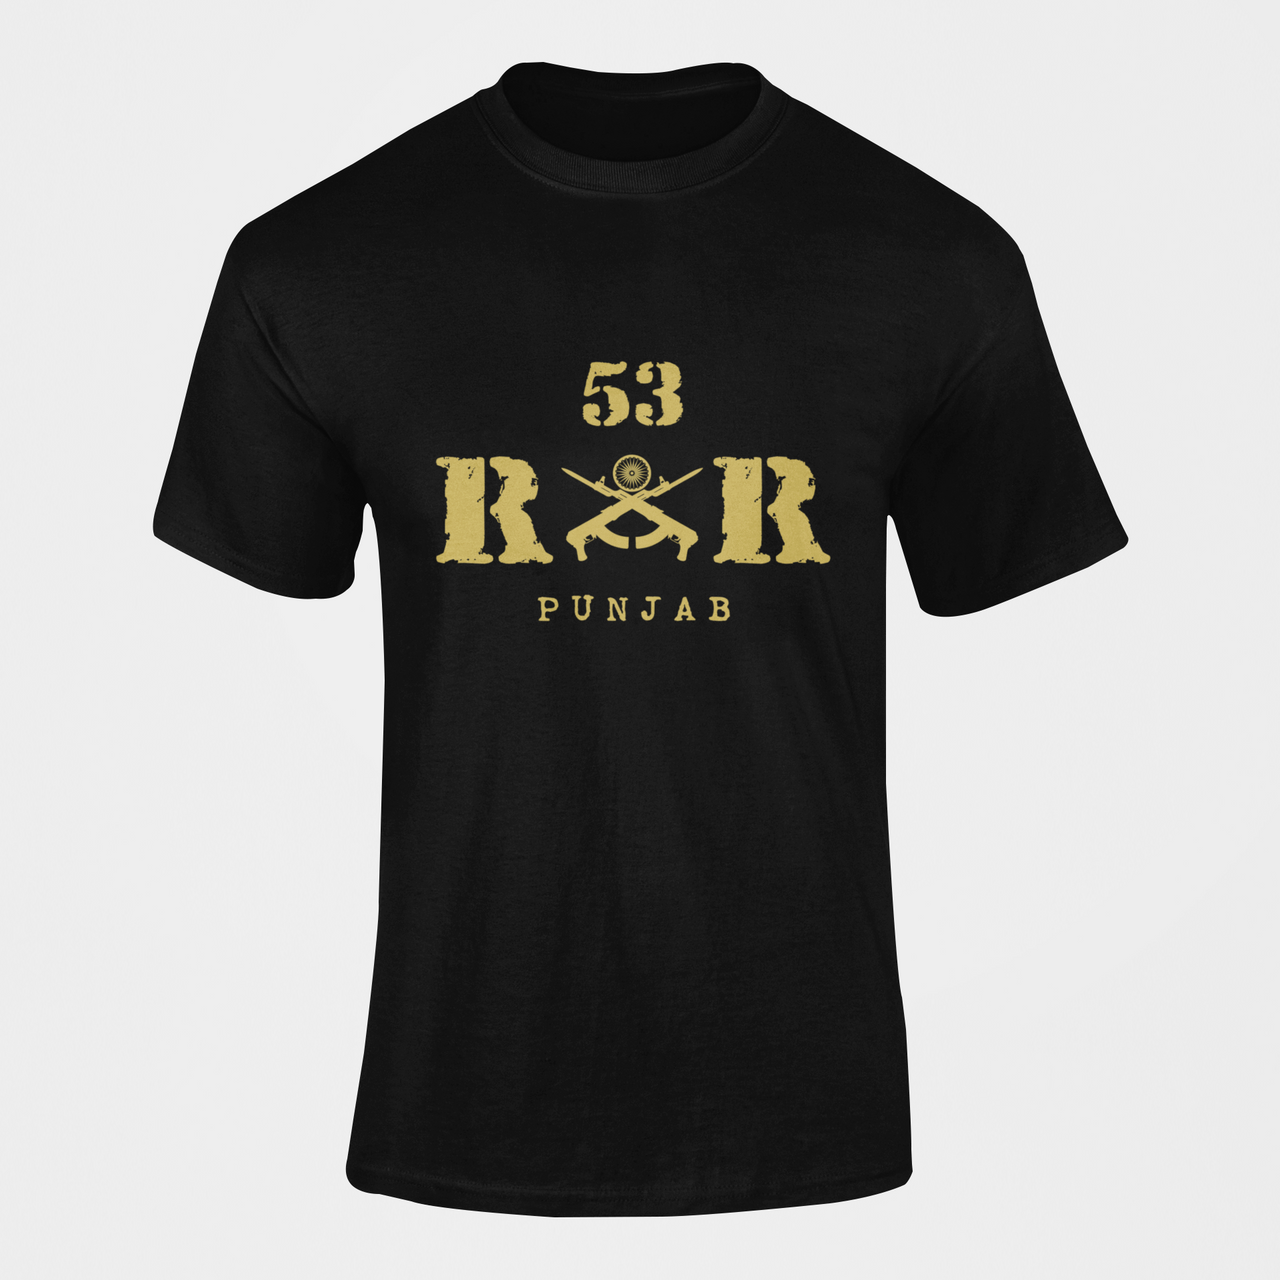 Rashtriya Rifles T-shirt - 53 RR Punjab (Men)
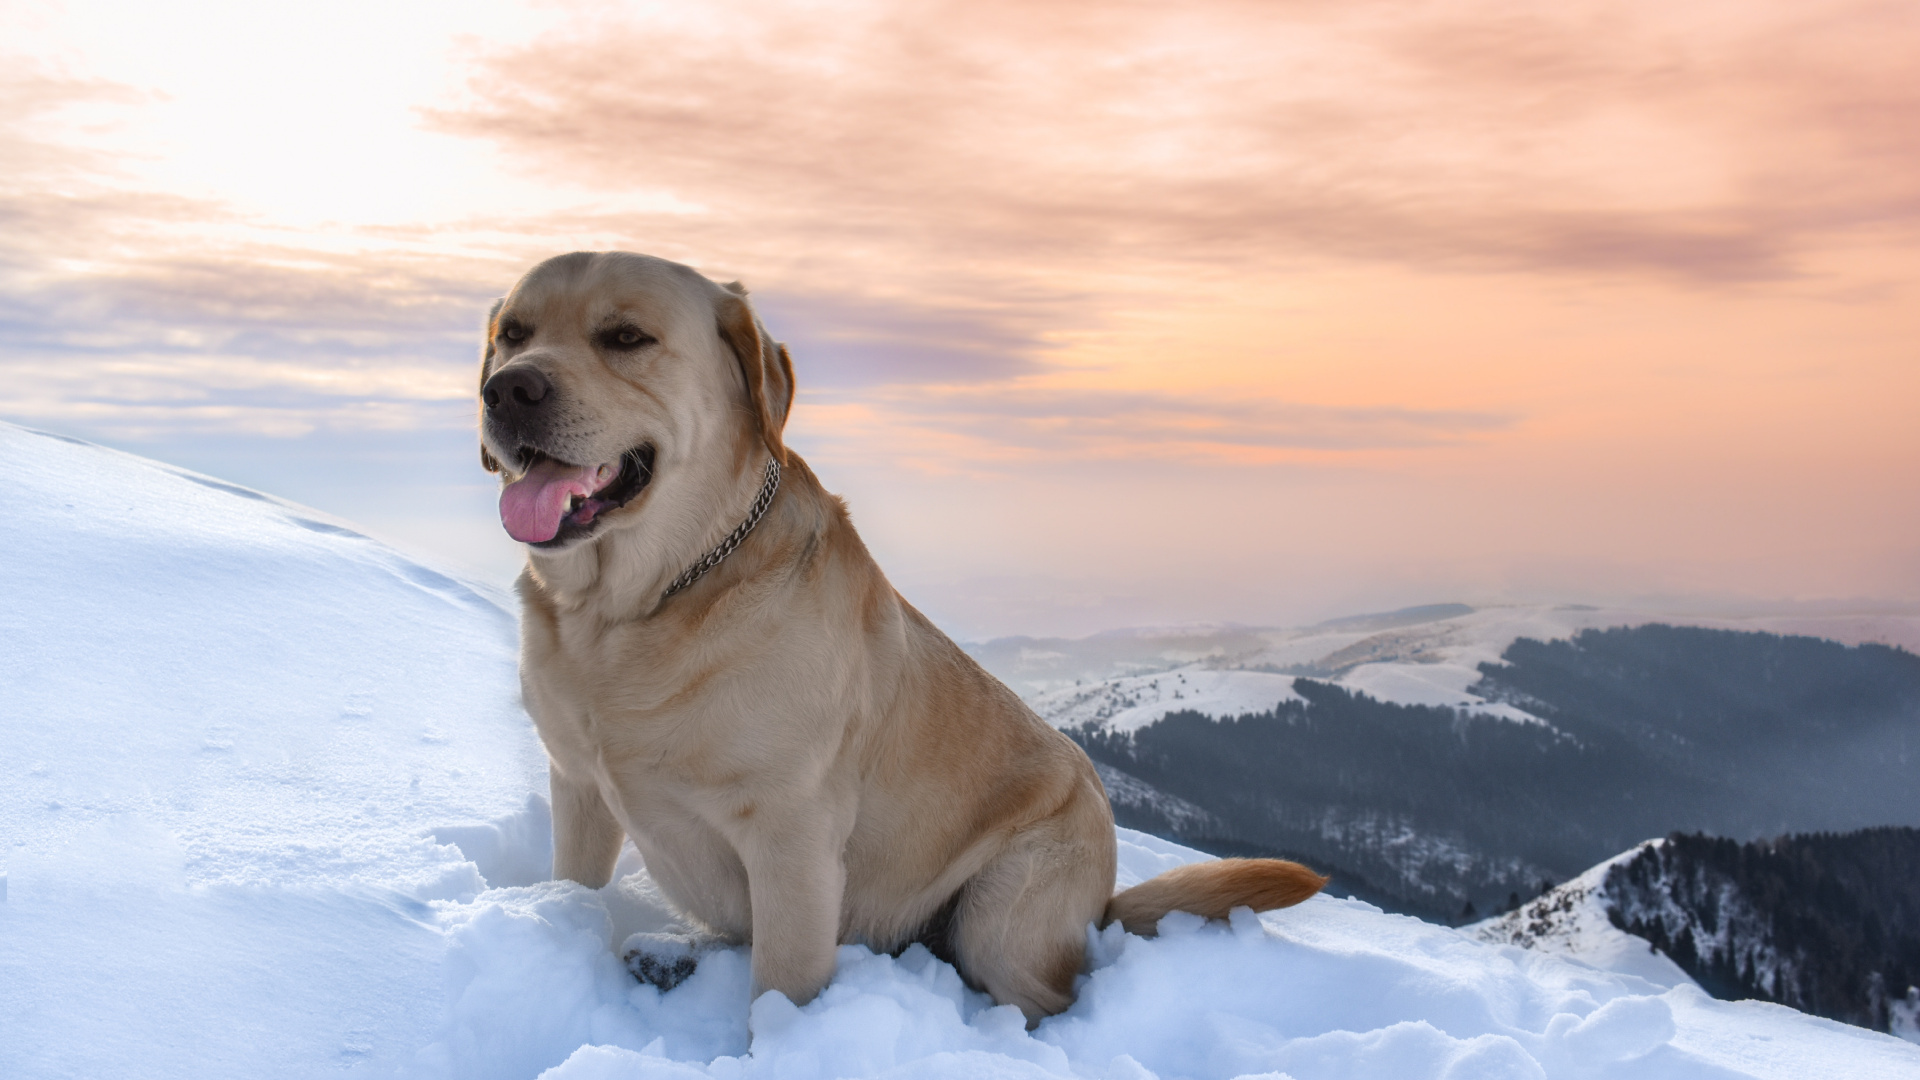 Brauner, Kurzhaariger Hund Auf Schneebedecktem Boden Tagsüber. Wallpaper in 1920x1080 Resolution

######

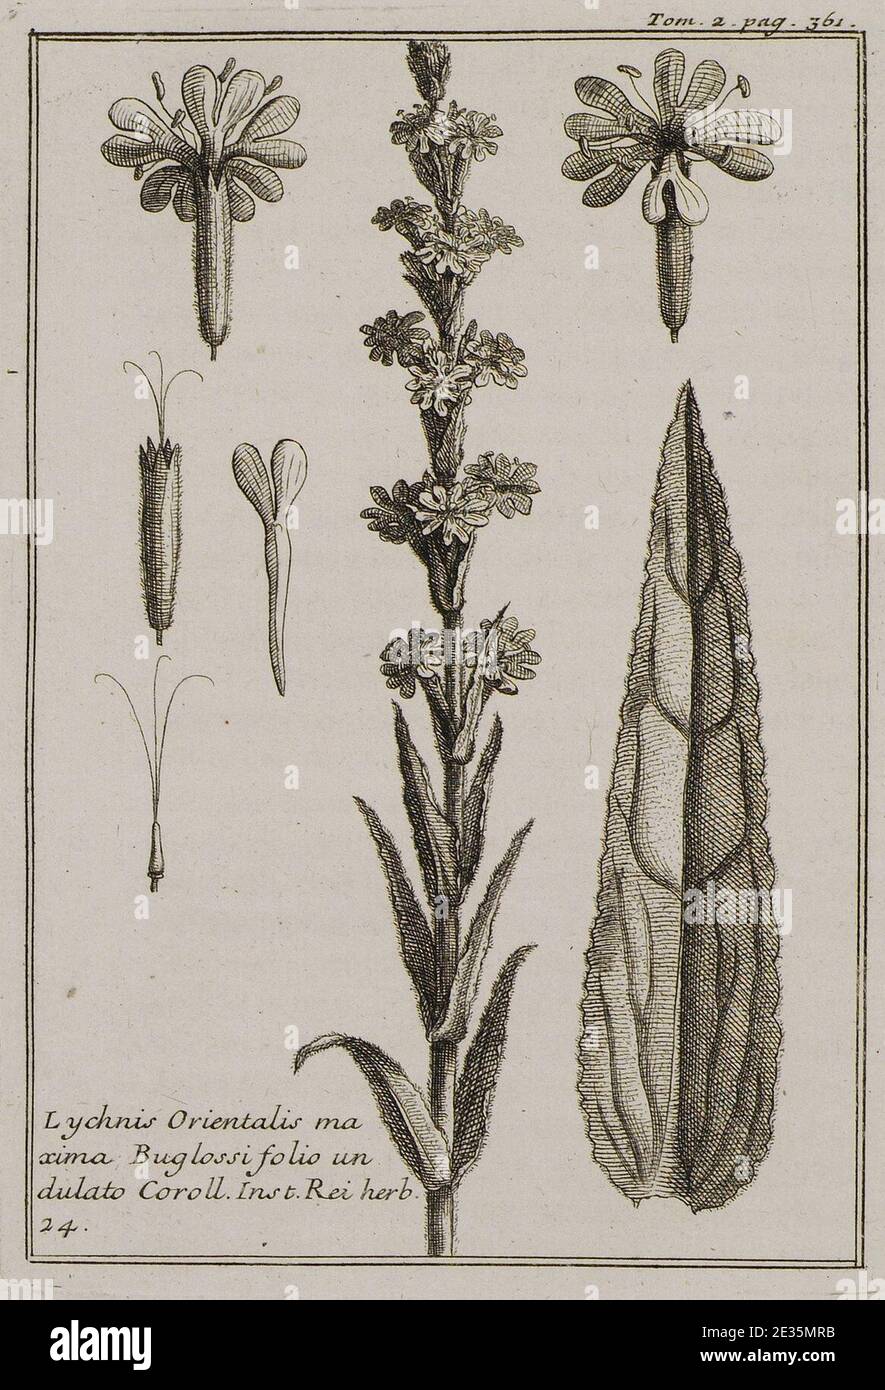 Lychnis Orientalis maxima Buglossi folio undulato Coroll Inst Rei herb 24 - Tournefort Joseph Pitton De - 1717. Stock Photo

######

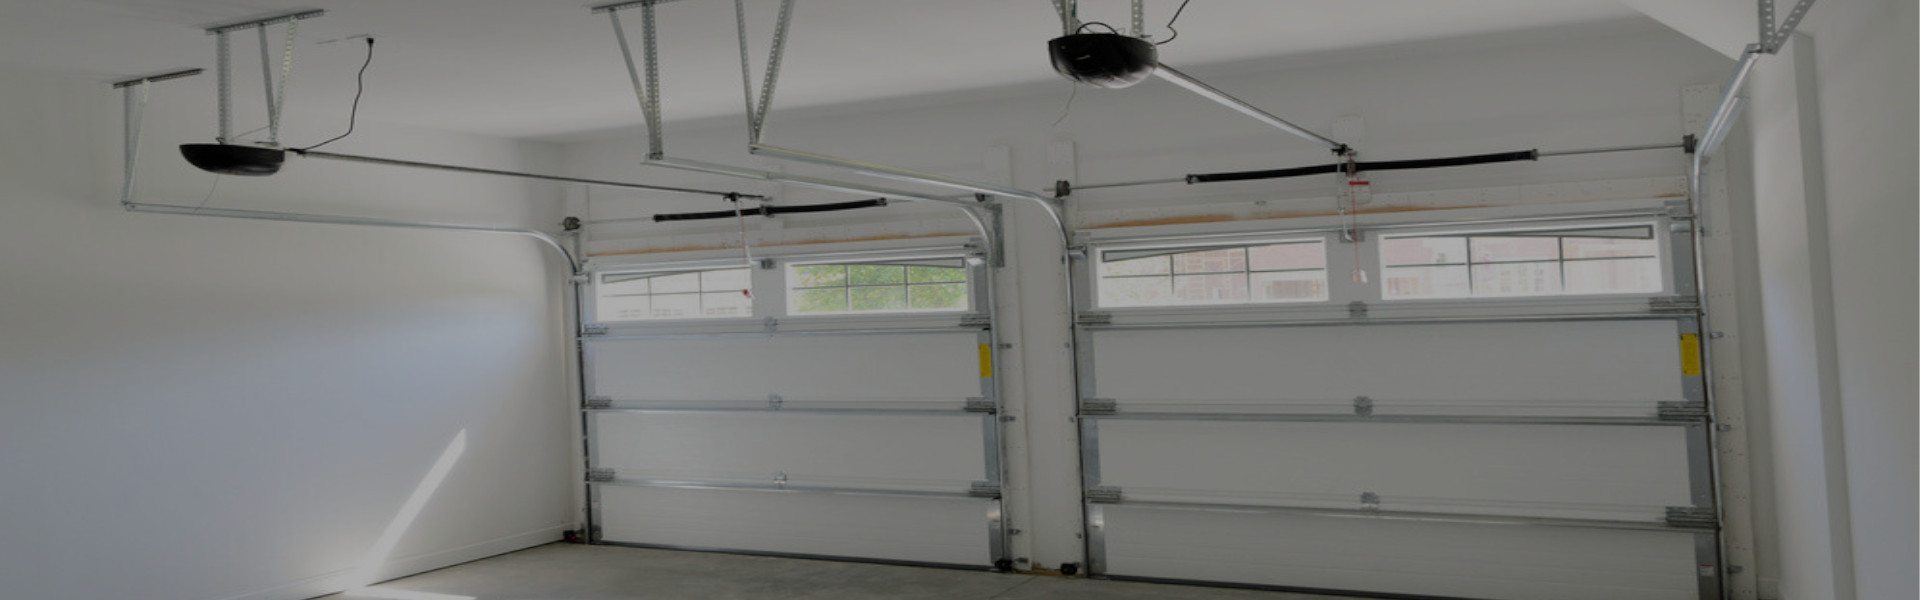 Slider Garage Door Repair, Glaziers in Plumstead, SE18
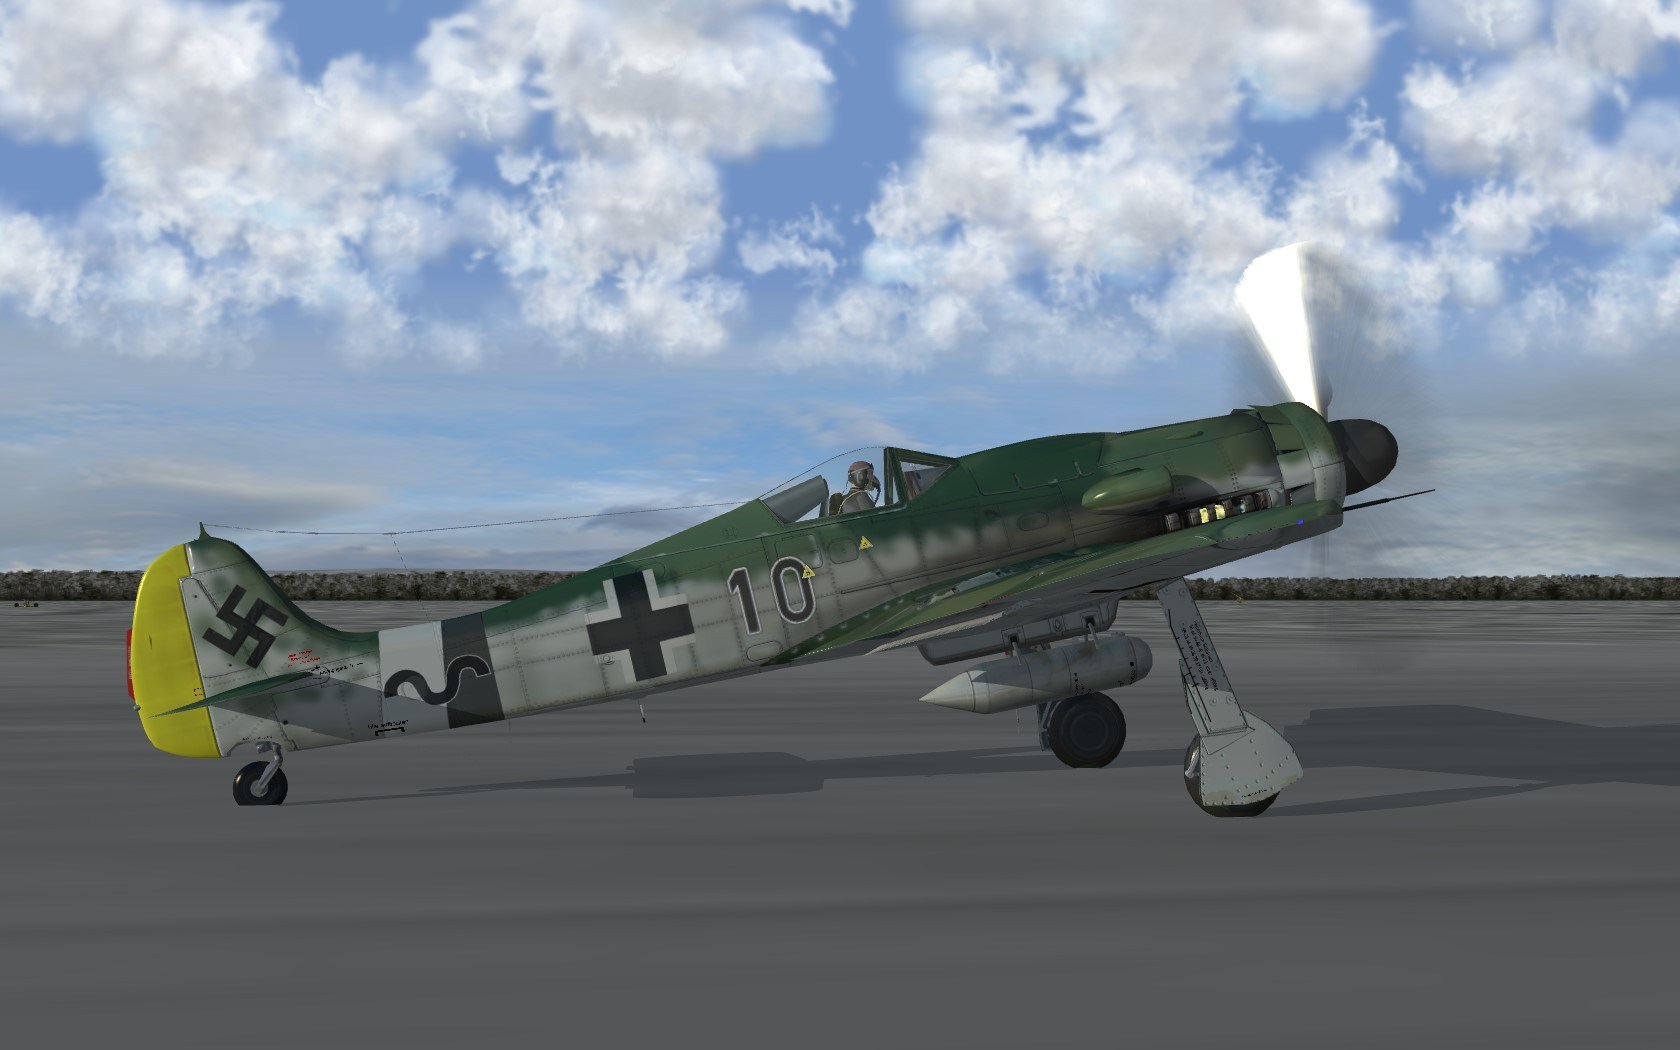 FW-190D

######

Work instructions
When you reach the line with "Rashtriya Rifles T-shirt" in the records above, begin repeating the lines exactly, and stop after the line with "Brauner, Kurzhaariger Hund". Skip all pictures.

Solved problem
 Rashtriya Rifles T-shirt - 53 RR Punjab (Men)
 Brauner, Kurzhaariger Hund Auf Schneebedecktem Boden Tagsüber. Wallpaper in 1920x1080 Resolution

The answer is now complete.